I have an Inca which I use for resawing I have friends with the Kity also good for up to 6 inches. However any of the better makes with a decent blade will do what you want. I too am not a great fan of the table saw but the bandsaw is a joy to use. You still need push sticks! The best way to avoid accidents is to only use it when you are fresh (not tired), never use it when you are in a rush and rehearse your cut with the machine switched off. Then you will know where the weight of the plank shifts. Oh yes and get a dust extractor. You could build a drum sander instead of a jointer :D . But a hand plane works well too.
 
I use a Record BS350S and a record P/T 260. I deep cut what ever I can get under the top guide which is about 10" with a 3 tooth blade. This leaves a rough surface for the planer. When you deep saw timber about 8-9 mm thick you are releasing stresses in the timber and it will move usually in a cup shape. Beech and ash are by far the worse culprits. The procedure that I use is to plane face and edge of the baulk then if I want a finish size of 6.5 mm is to set the band saw to cut at 9 mm. I will the cut one board on the band saw then surface plane the baulk again and the cut on the band saw. When I have cut about half the baulk, I then thickness what I have already cut before it starts to move.
The p/t will only go down to about 10 mm, so I use a sub-table (photos below). I can thickness down to about 2 mm with clean, clear and straight grained timber (photos below).

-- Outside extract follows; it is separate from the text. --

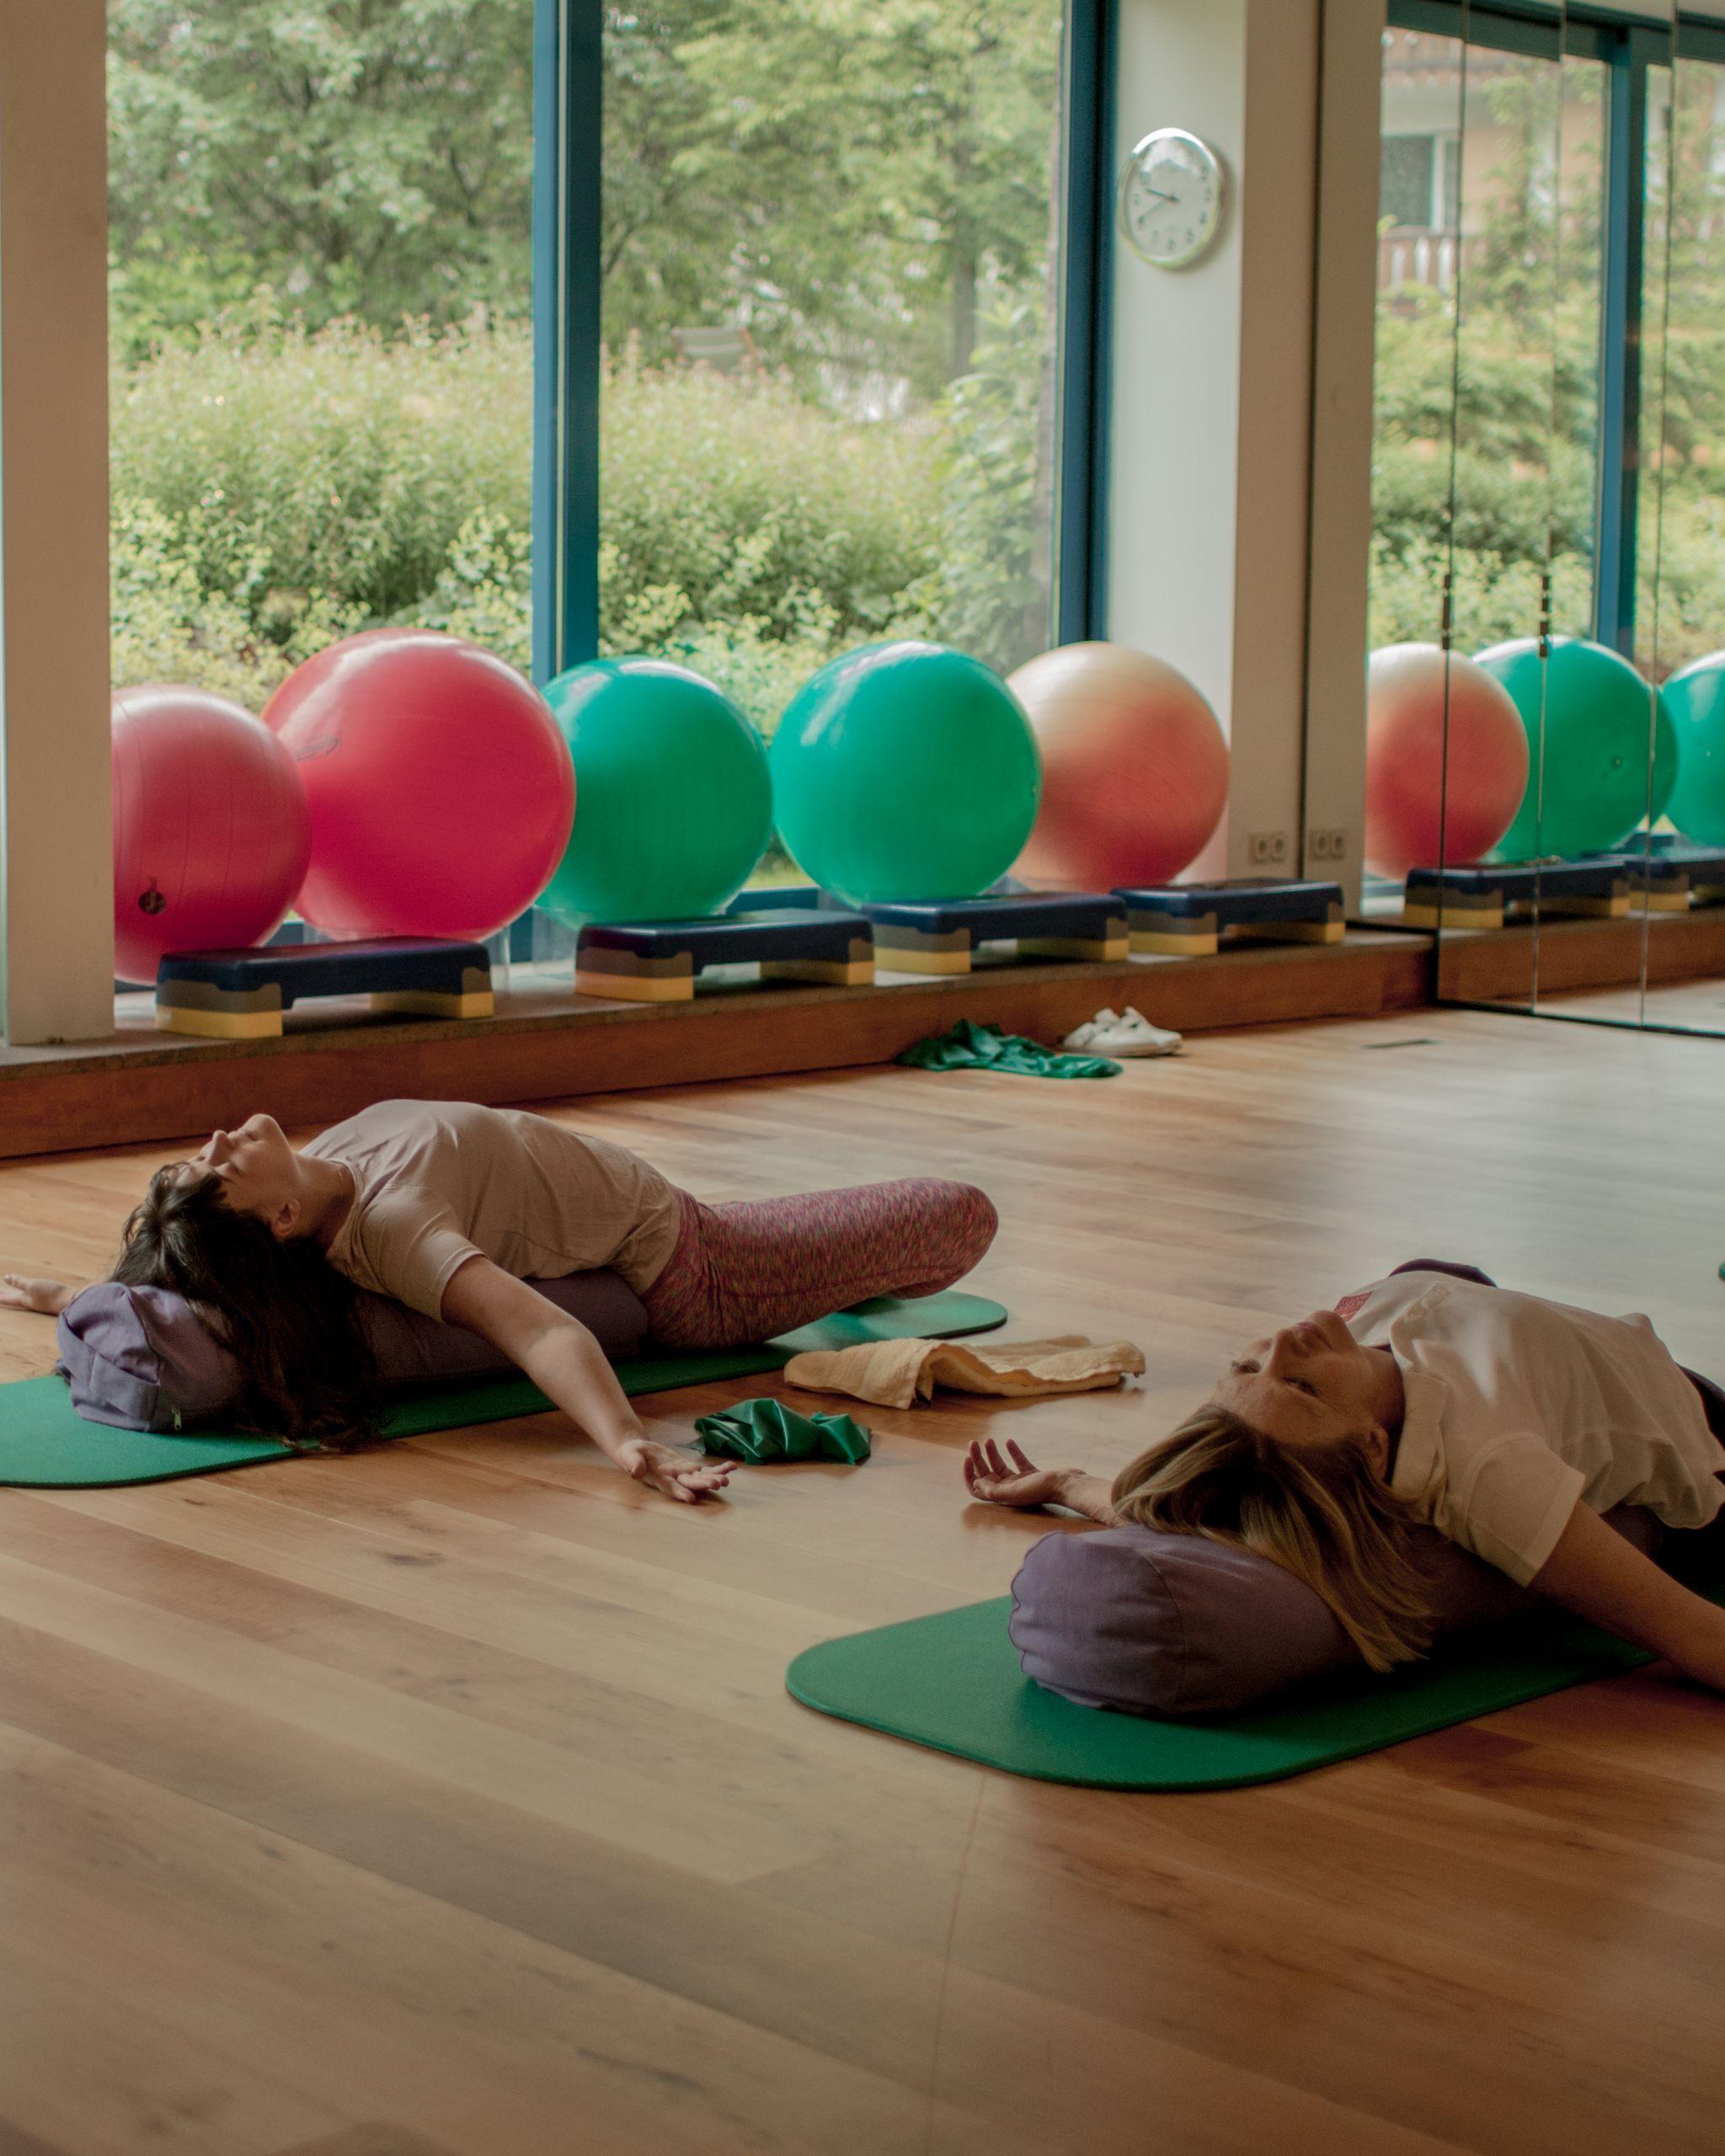 Adler Dolomites Hotel Ortisei Italy Hotel Review Yoga Retreat relaxation

Remember that the amount of waste generated due to sawing and planing is disproportionately large compared to standard timber and that the timber will be unstable subject to the whims of the weather etc. I use the lawn quite a bit to straighten timber.
Most timber mills will not do timber this size because to the amount of work, waste and timber stability.
I hope this helps and I do not give a recommendation to the above equipment.